┌──

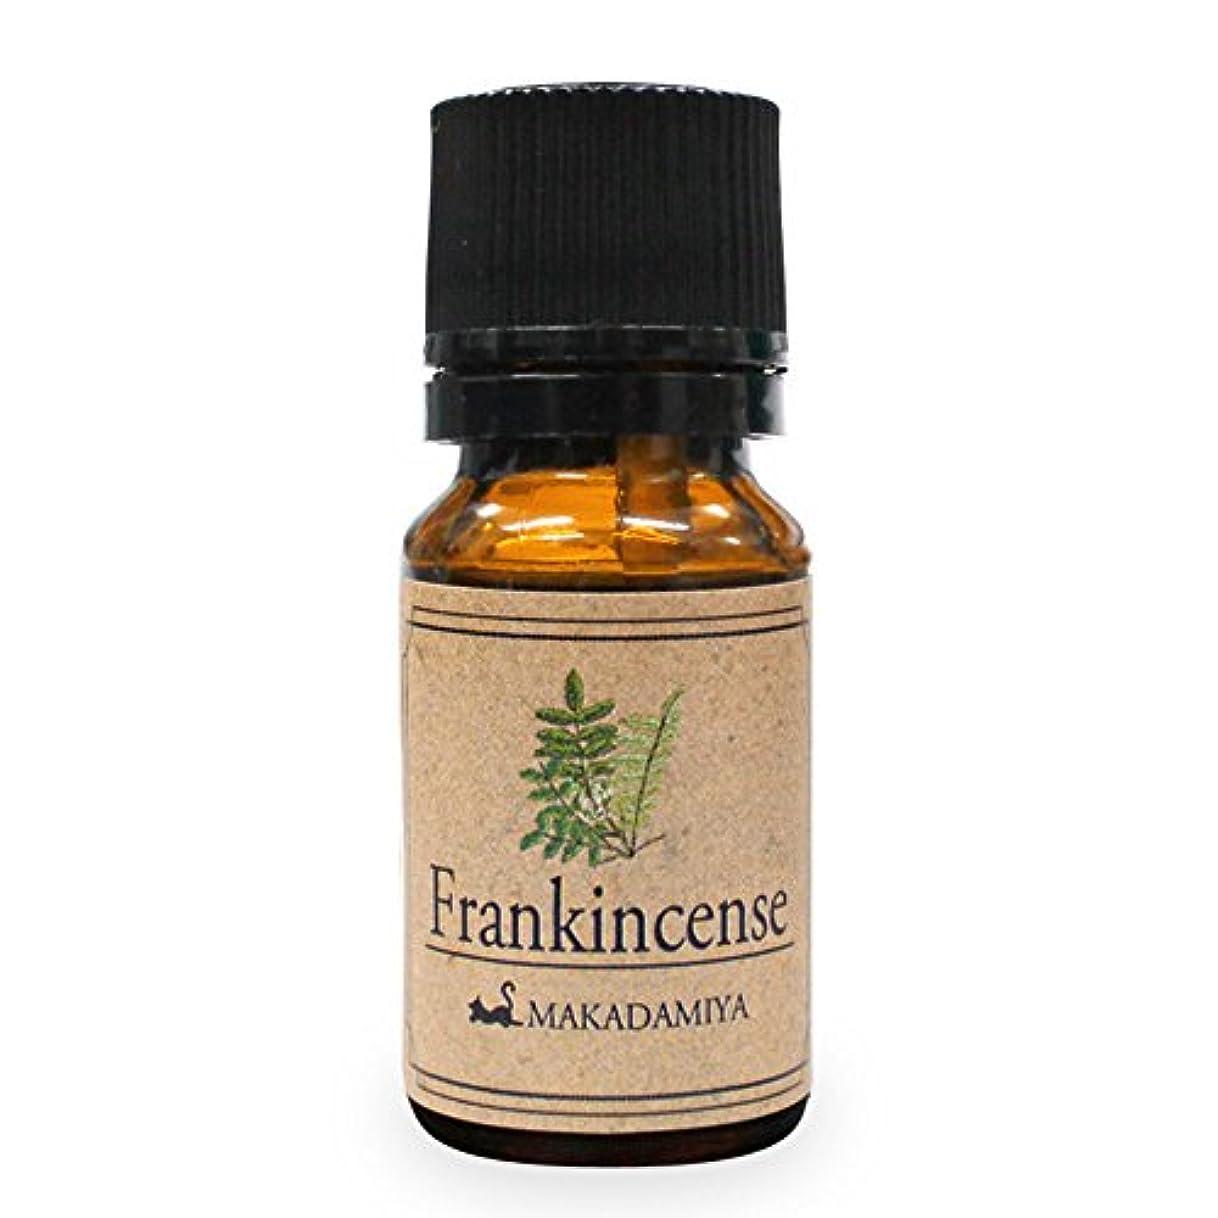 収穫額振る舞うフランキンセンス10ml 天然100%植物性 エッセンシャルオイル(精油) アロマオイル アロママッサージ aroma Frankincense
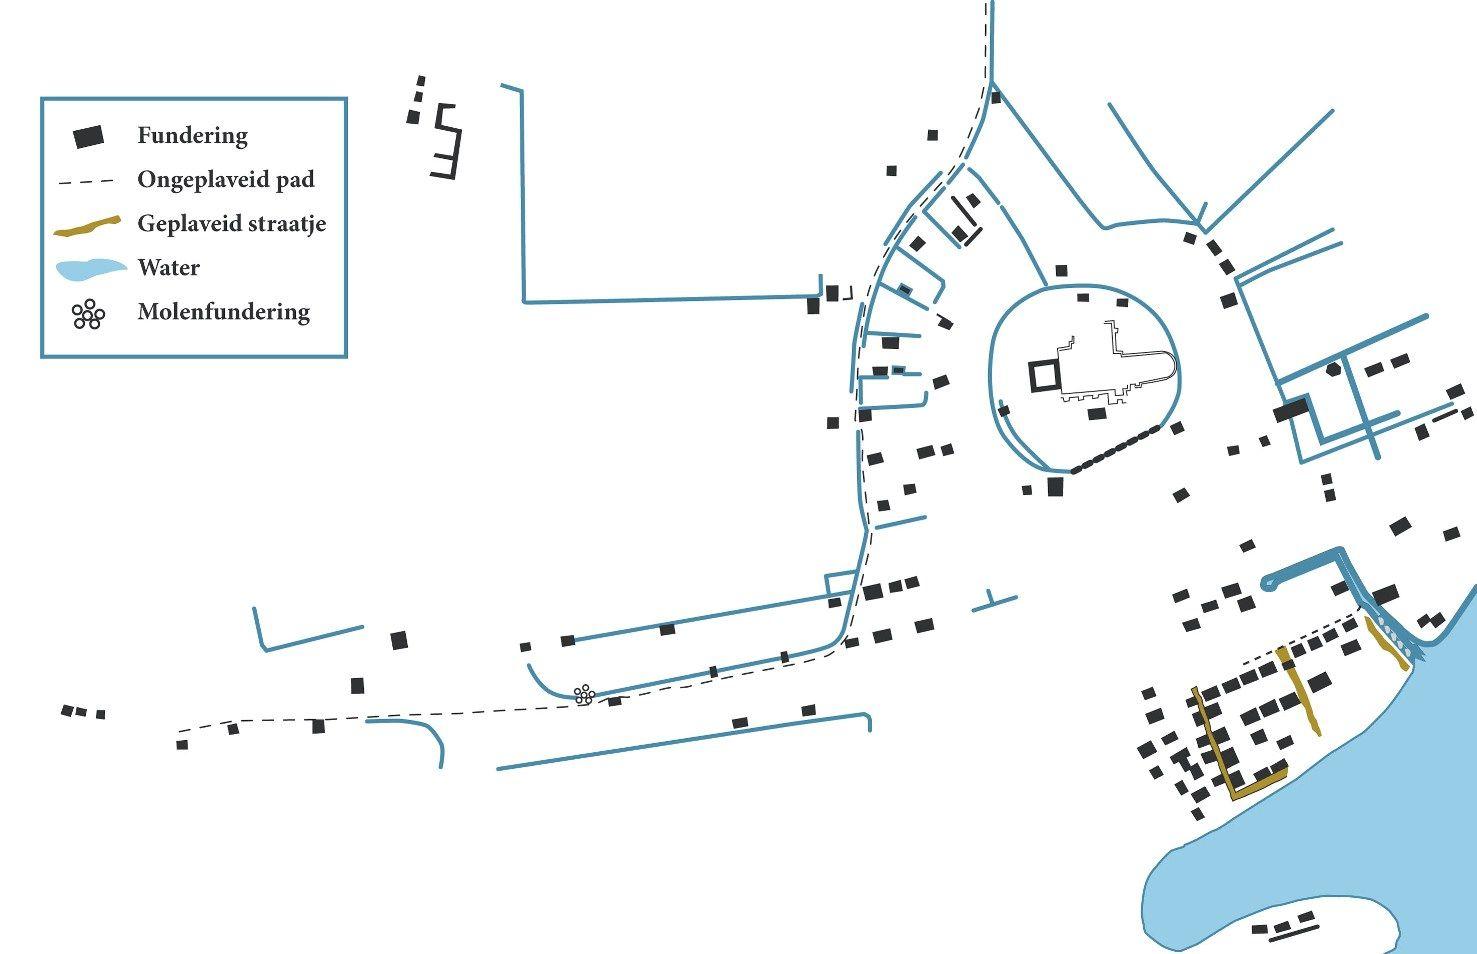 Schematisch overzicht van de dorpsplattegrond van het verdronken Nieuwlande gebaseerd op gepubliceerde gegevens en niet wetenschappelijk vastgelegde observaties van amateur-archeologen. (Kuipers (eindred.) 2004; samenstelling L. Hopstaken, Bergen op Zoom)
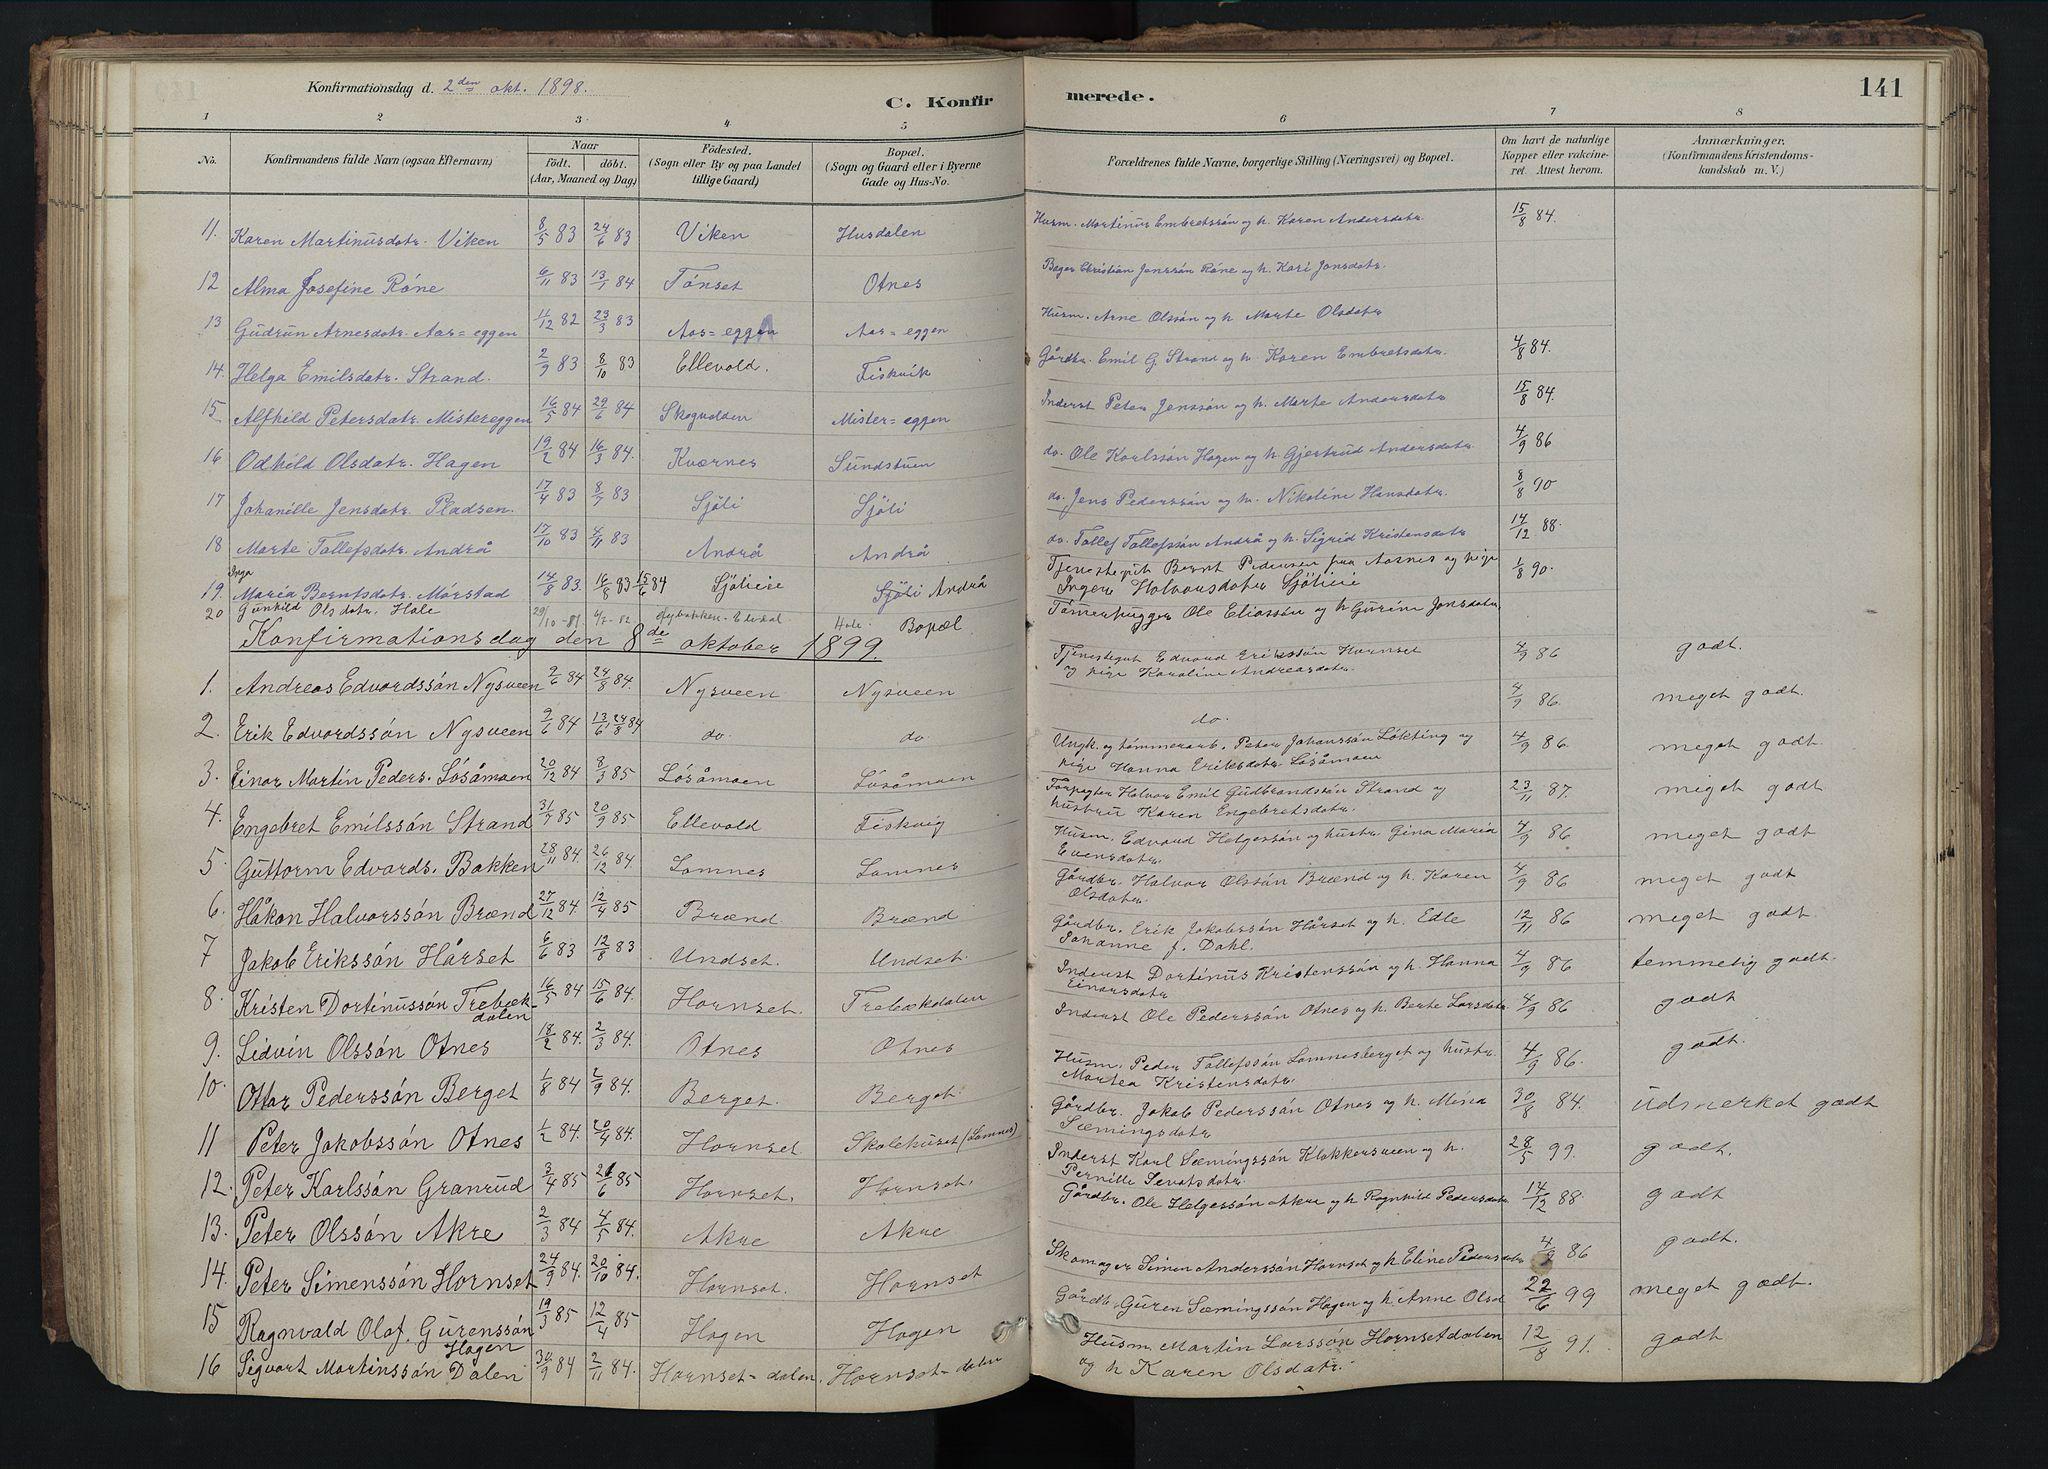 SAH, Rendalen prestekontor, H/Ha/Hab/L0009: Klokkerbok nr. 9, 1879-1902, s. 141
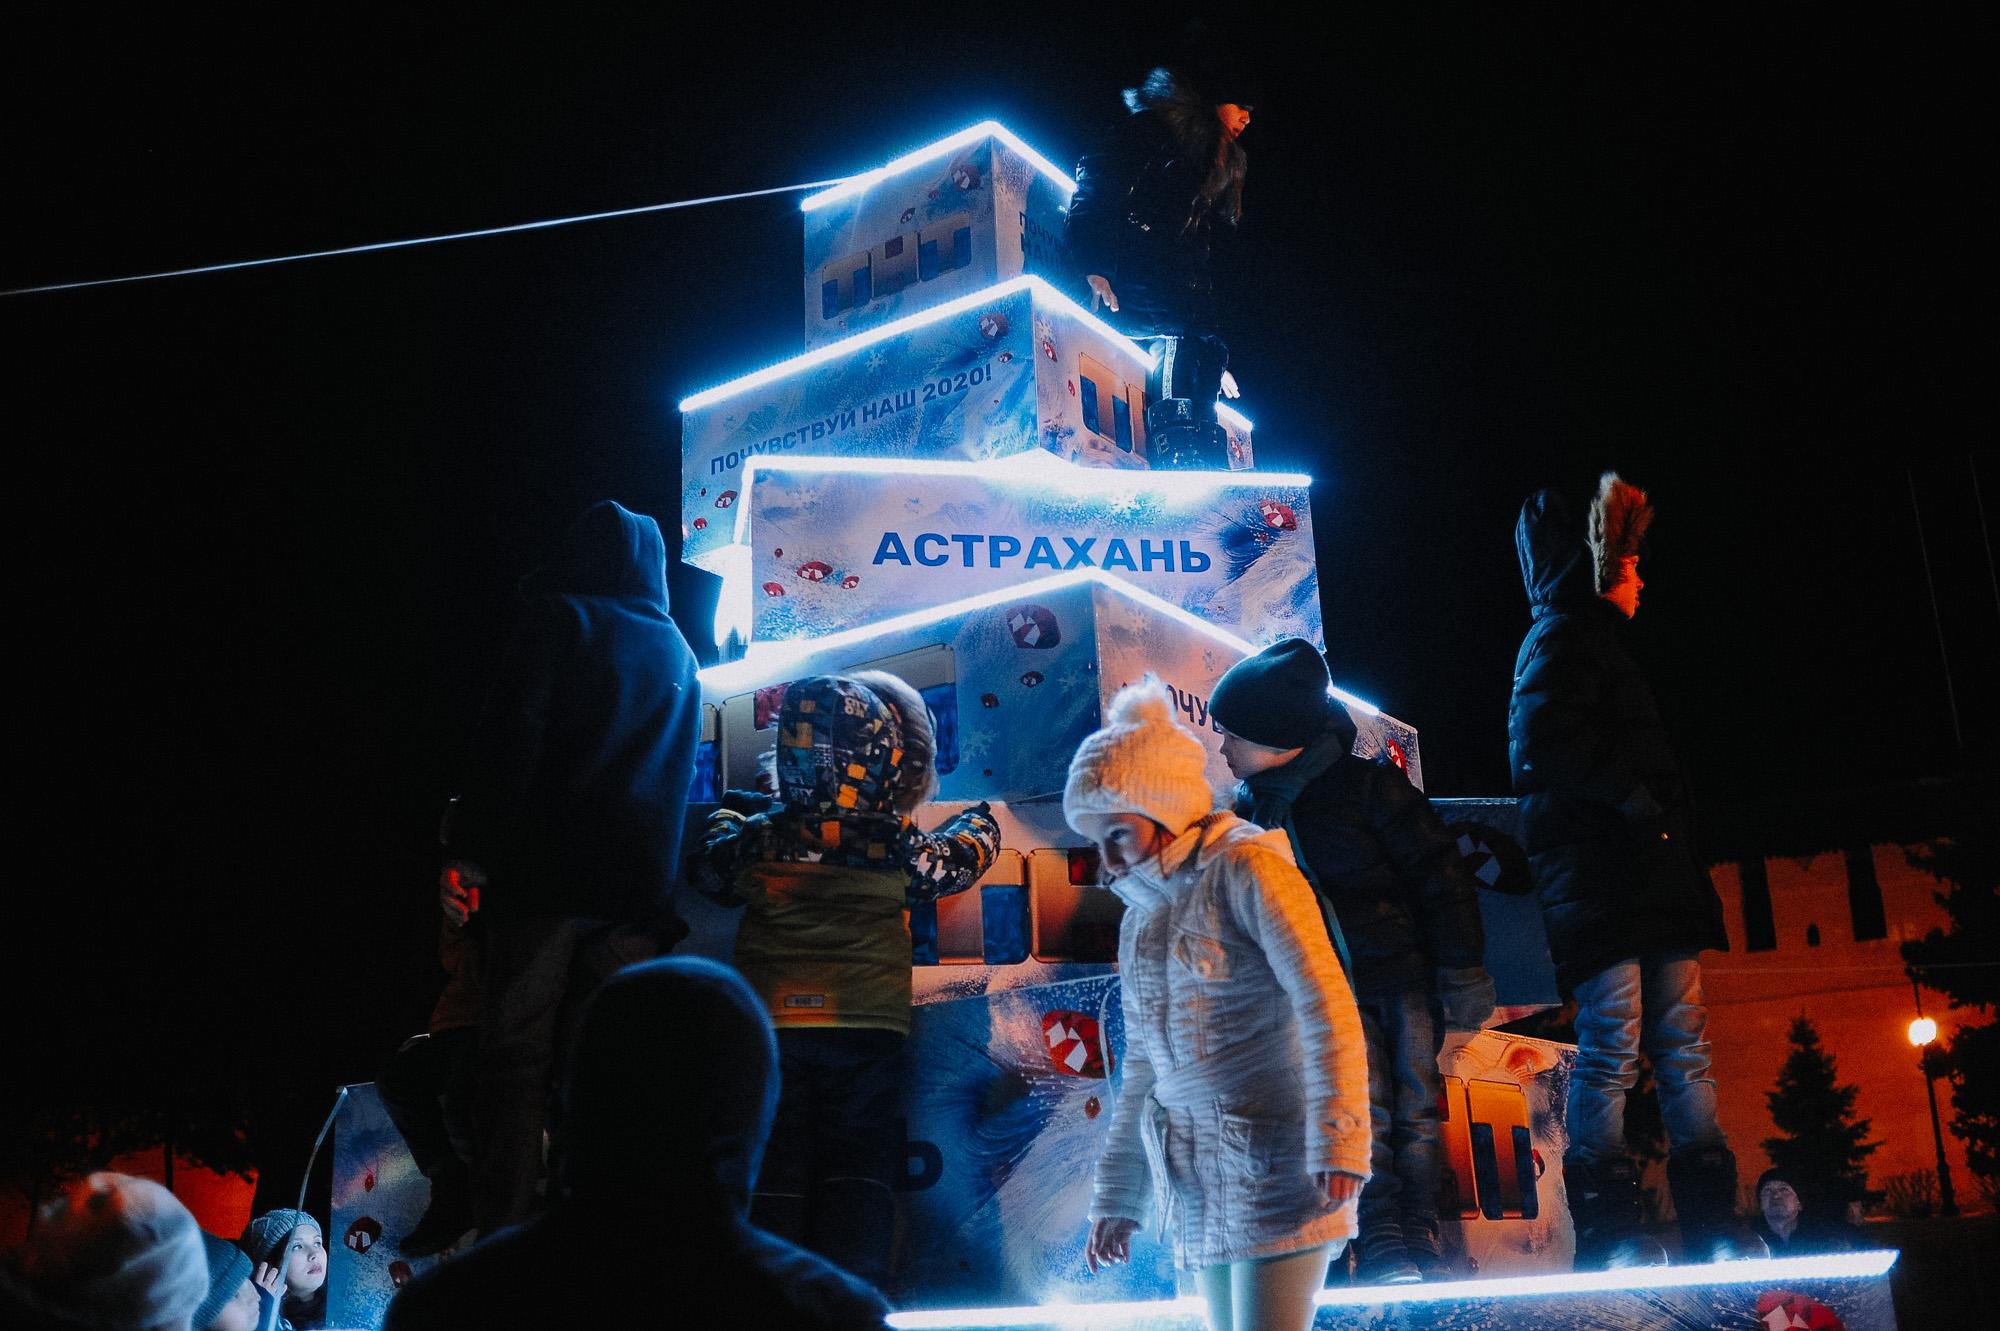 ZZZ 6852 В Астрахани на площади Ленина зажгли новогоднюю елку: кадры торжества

└──

=== TASK INSTRUCTIONS ===
Starting at the line that holds "SAH, Rendalen prestekontor, H/Ha/Hab/L0009: Klokkerbok", write out every remaining line of the material above exactly as it appears. Pictures should not be copied.

=== WRITTEN RESPONSE ===
 SAH, Rendalen prestekontor, H/Ha/Hab/L0009: Klokkerbok nr. 9, 1879-1902, s. 141
 ZZZ 6852 В Астрахани на площади Ленина зажгли новогоднюю елку: кадры торжества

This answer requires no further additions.